I scrutinized his features as I jammed the plastic bag and bloomers back into my shoulder bag. Was it my imagination, or did he resemble Heath through the eyes and mouth? My notion was completely absurd, and yet—“Did your parents take a lot of pictures when you were a baby?”
“I beg your pardon?”
“Do you have an album with a lock of your hair, and a christening photo, and all the statistics people mark down for newborns? You know. Baby’s first year?”
“Is that a polite way of asking if I’m adopted?”
My heart pumped double time. “Are you?”
“No, I’m not adopted! And if I don’t have a baby album, it’s because parents in the forties didn’t bother with things like that, especially during wartime.”
“A lot of parents never told their children the truth.”
“Sorry, Emily, but you’re way out of line. If you’re trying to prove that Nora Acres and I had some connection because we have the same birthday, you’re going to end up looking very foolish.”

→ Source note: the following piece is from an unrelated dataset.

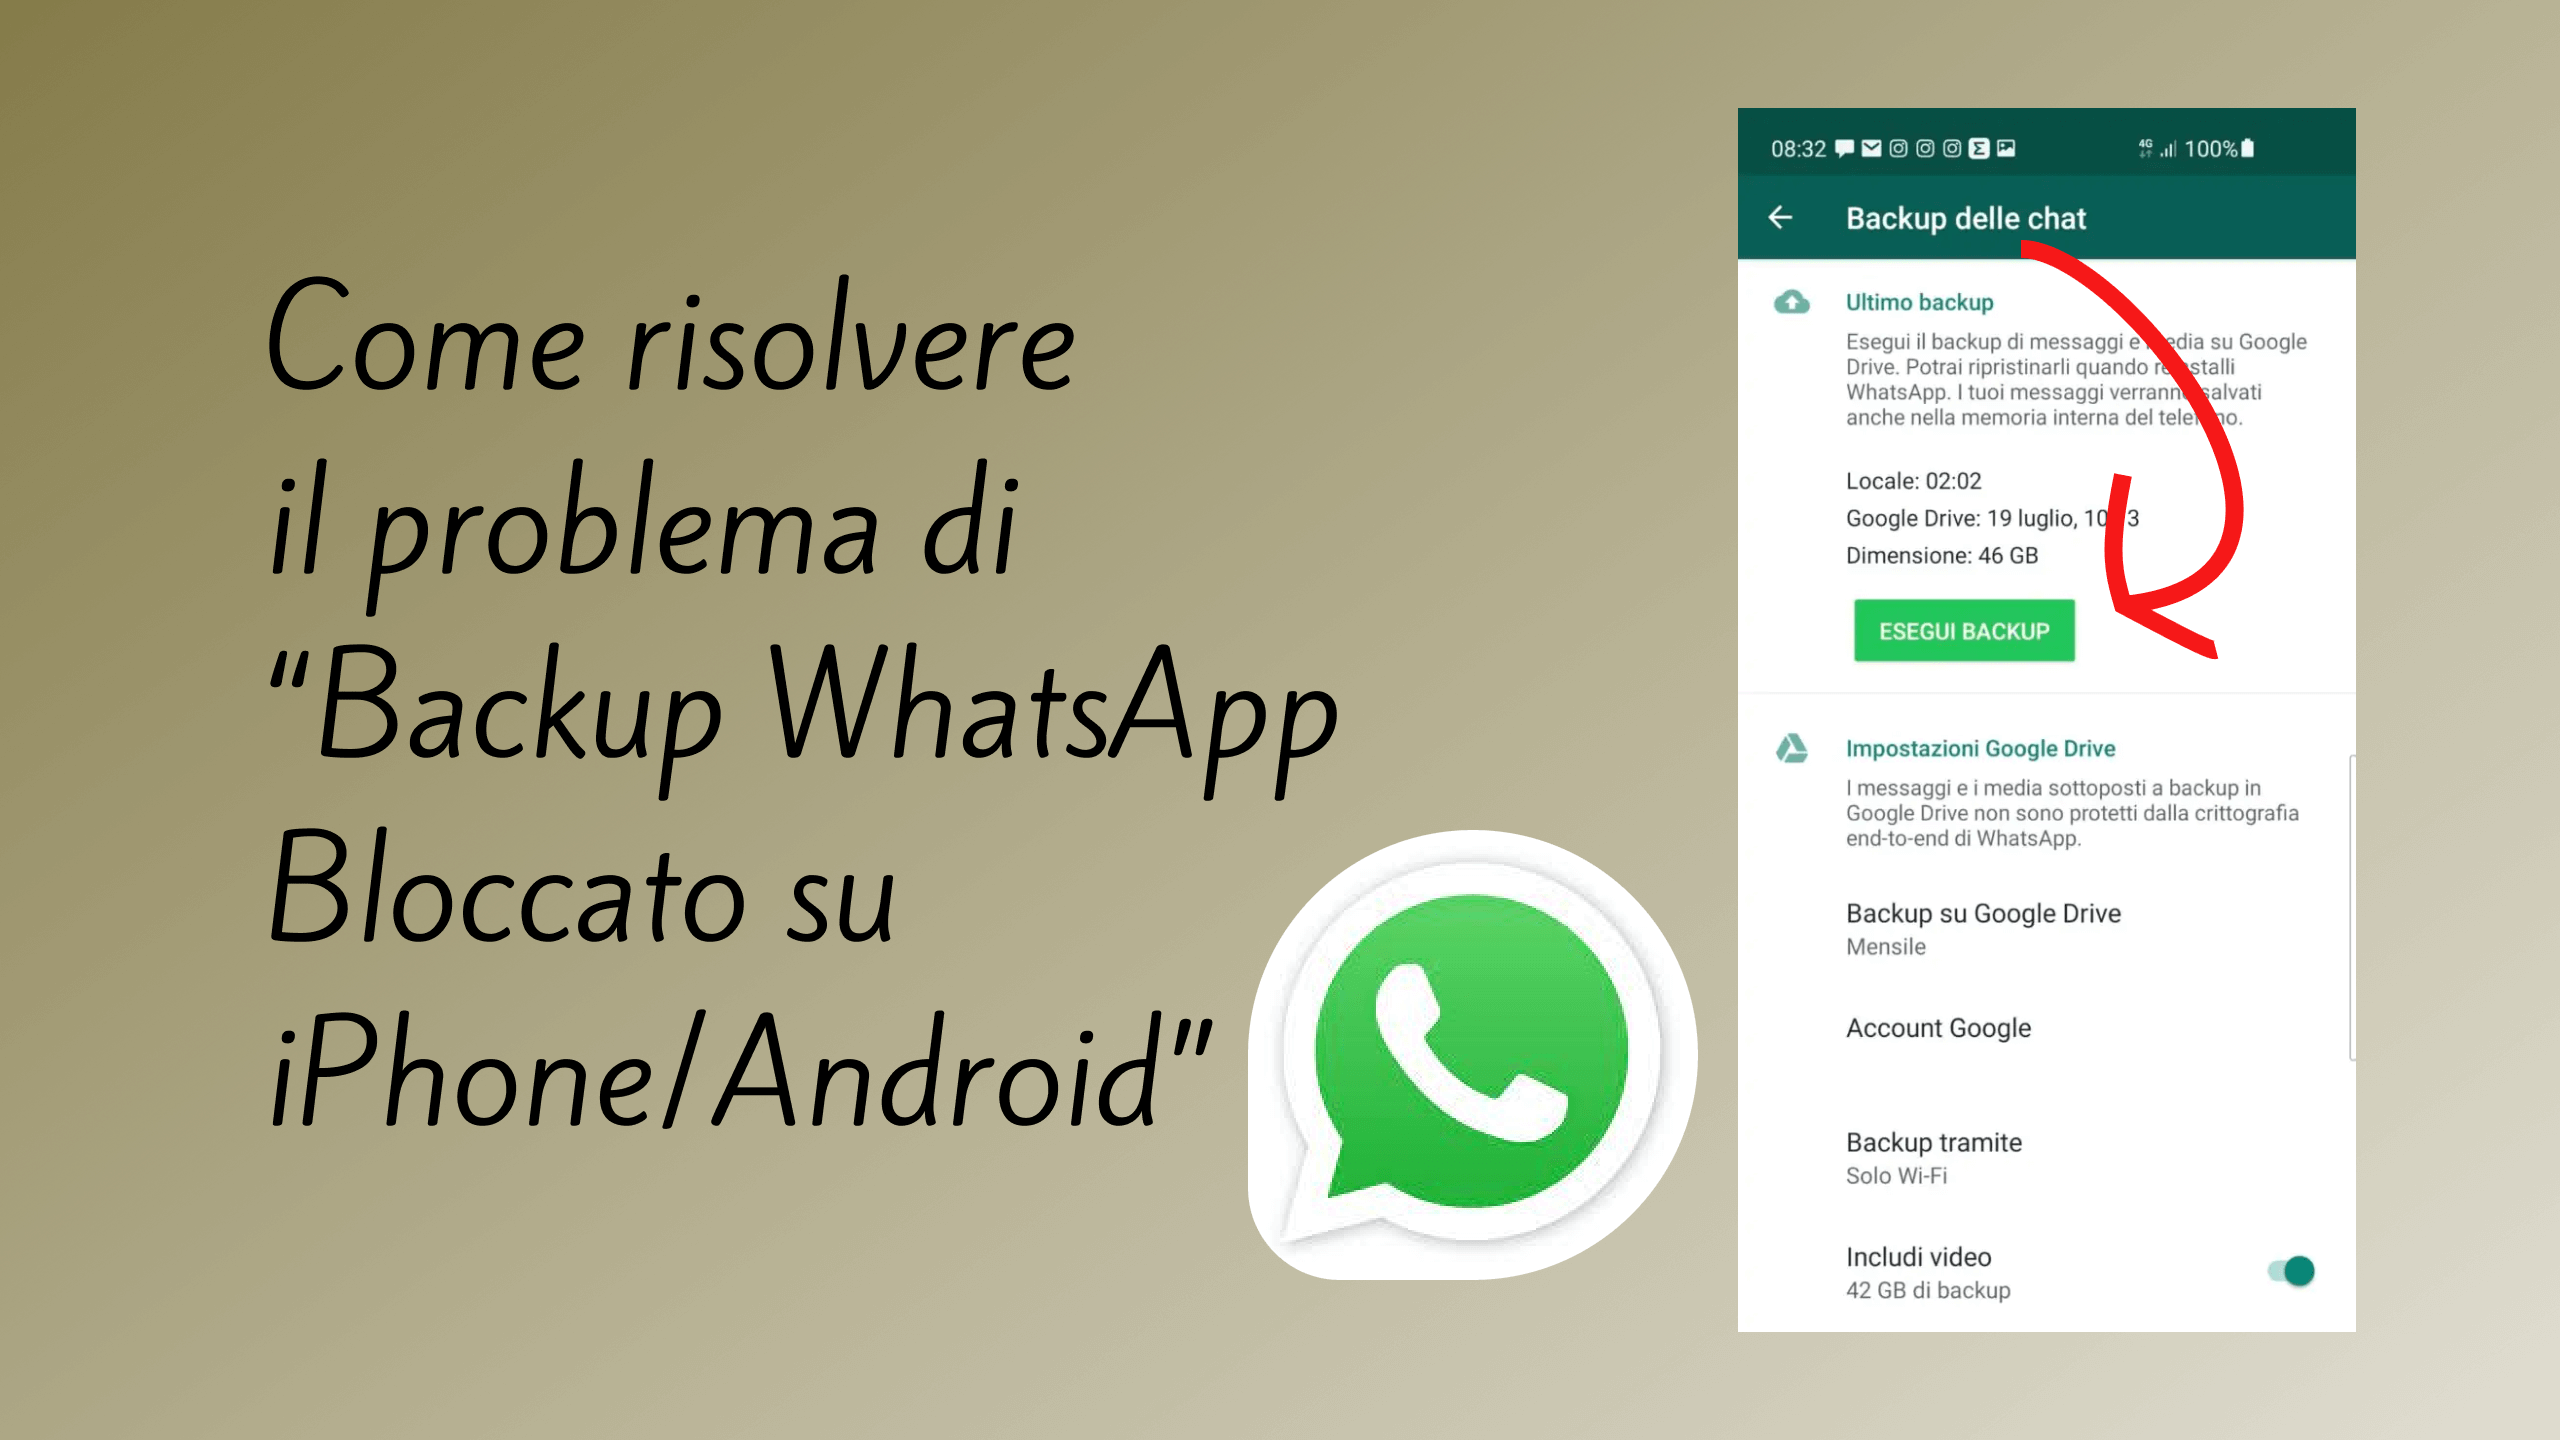 Backup WhatsApp bloccato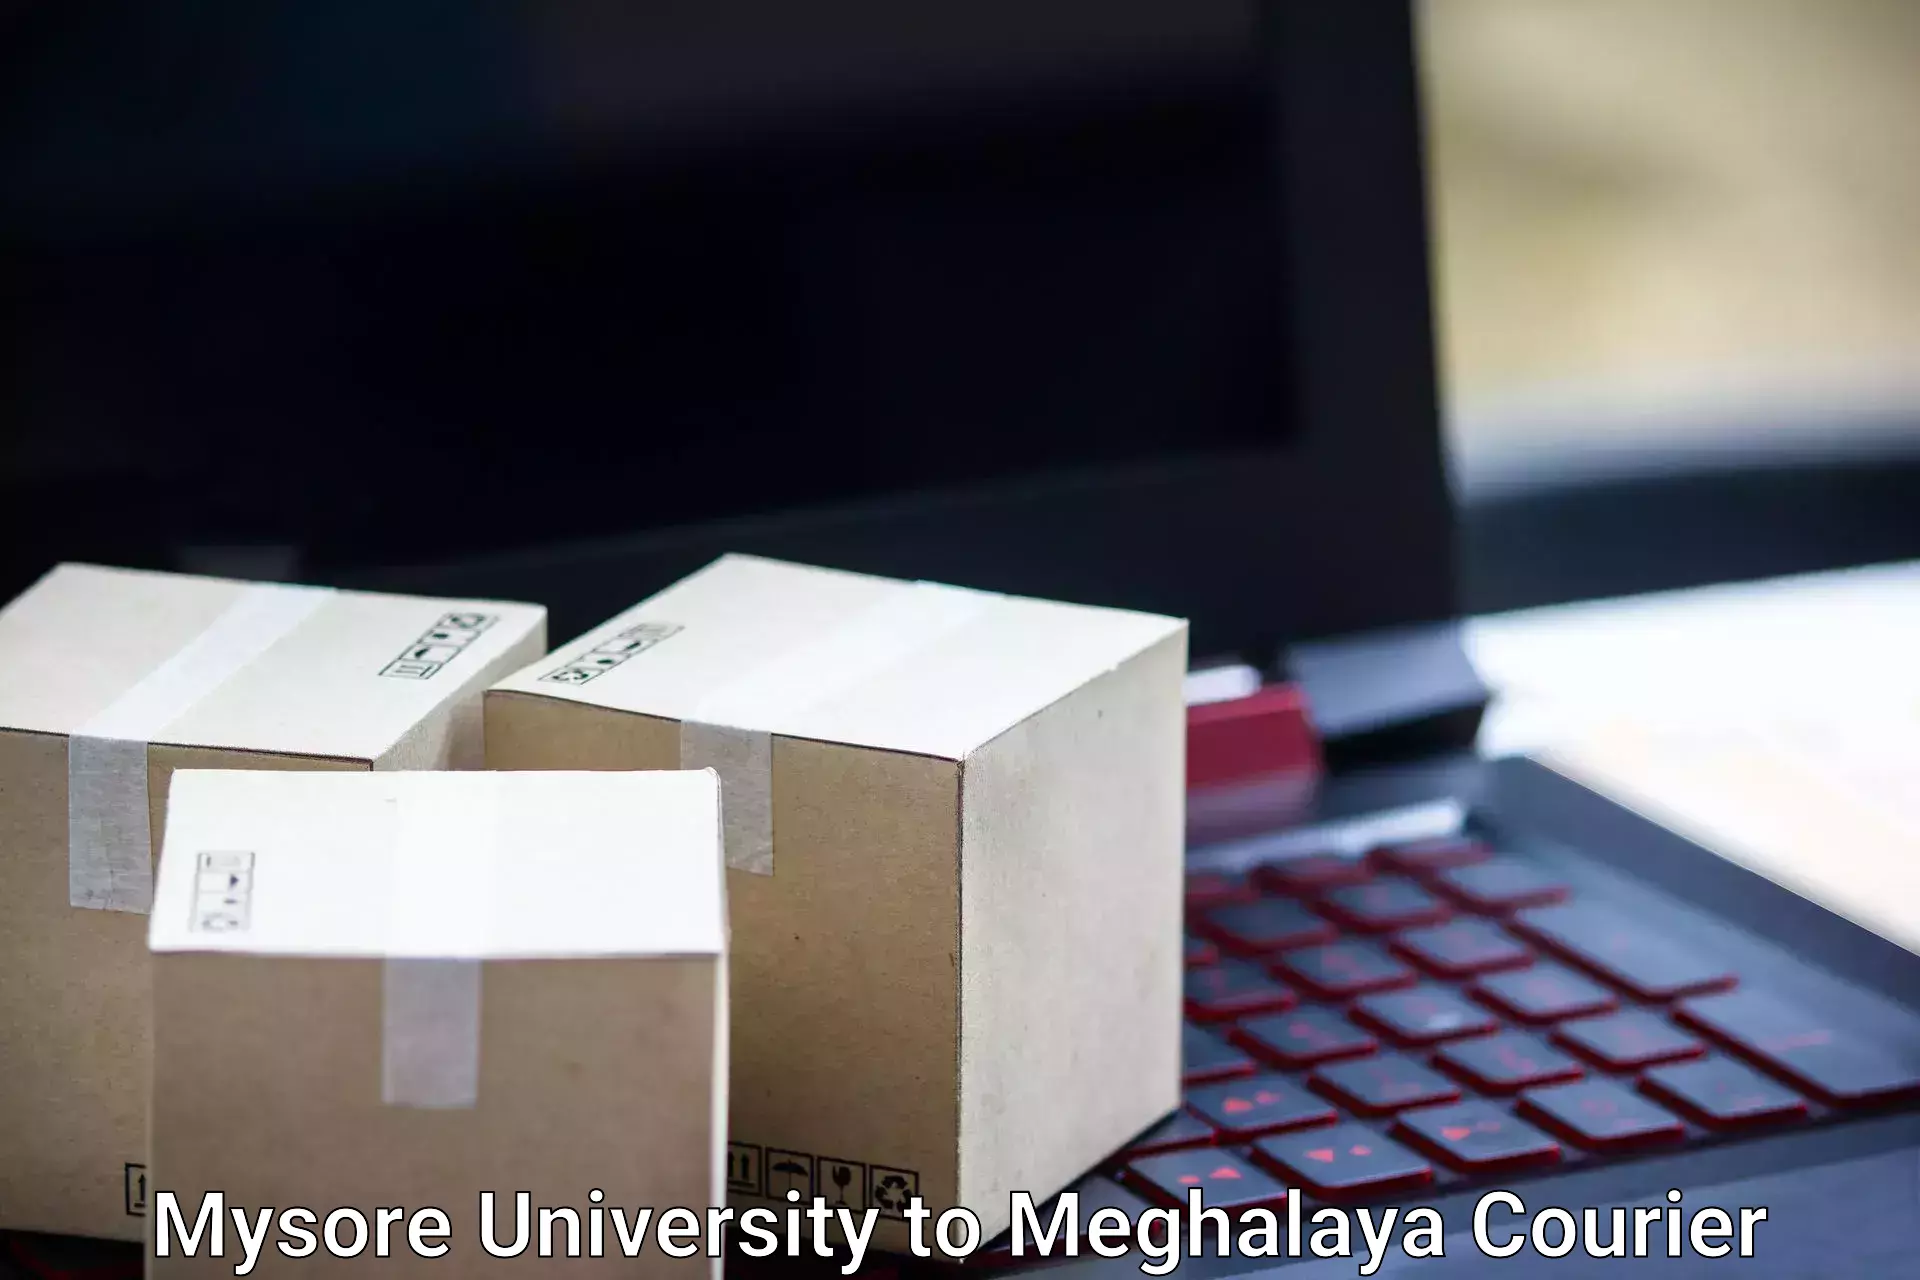 Baggage delivery estimate in Mysore University to Tura

Spoken like a man without an ounce of female intuition. “Do you remember the photo Nora showed you in Port Campbell?”
“Vaguely. What I remember most was that it was about to disintegrate.”
“It showed Nora posing with her sister, Beverley, and their mother. The twins were in pinafores and had Shirley Temple banana curls.”
Guy lifted his brows. “And?”
“Okay, you might think I’m really grasping at straws, but what if the reason you never had a baby album was because your parents never saw you as a baby? What if Nora’s photo is actually a picture of her mother…and another child who was born in England on March 17, 1943?”
He struggled to keep a straight face even as laughter exploded from his chest. “You think the other child is me? Why would I be posing with Nora Acres? Better yet, do I look like a Beverley to you?”
“No! But you were born in England. The English have been known to stick their male offspring with girls’ names—Evelyn, Marian, Carol, Beverley.”
“Are they also guilty of dressing little boys in pinafores?”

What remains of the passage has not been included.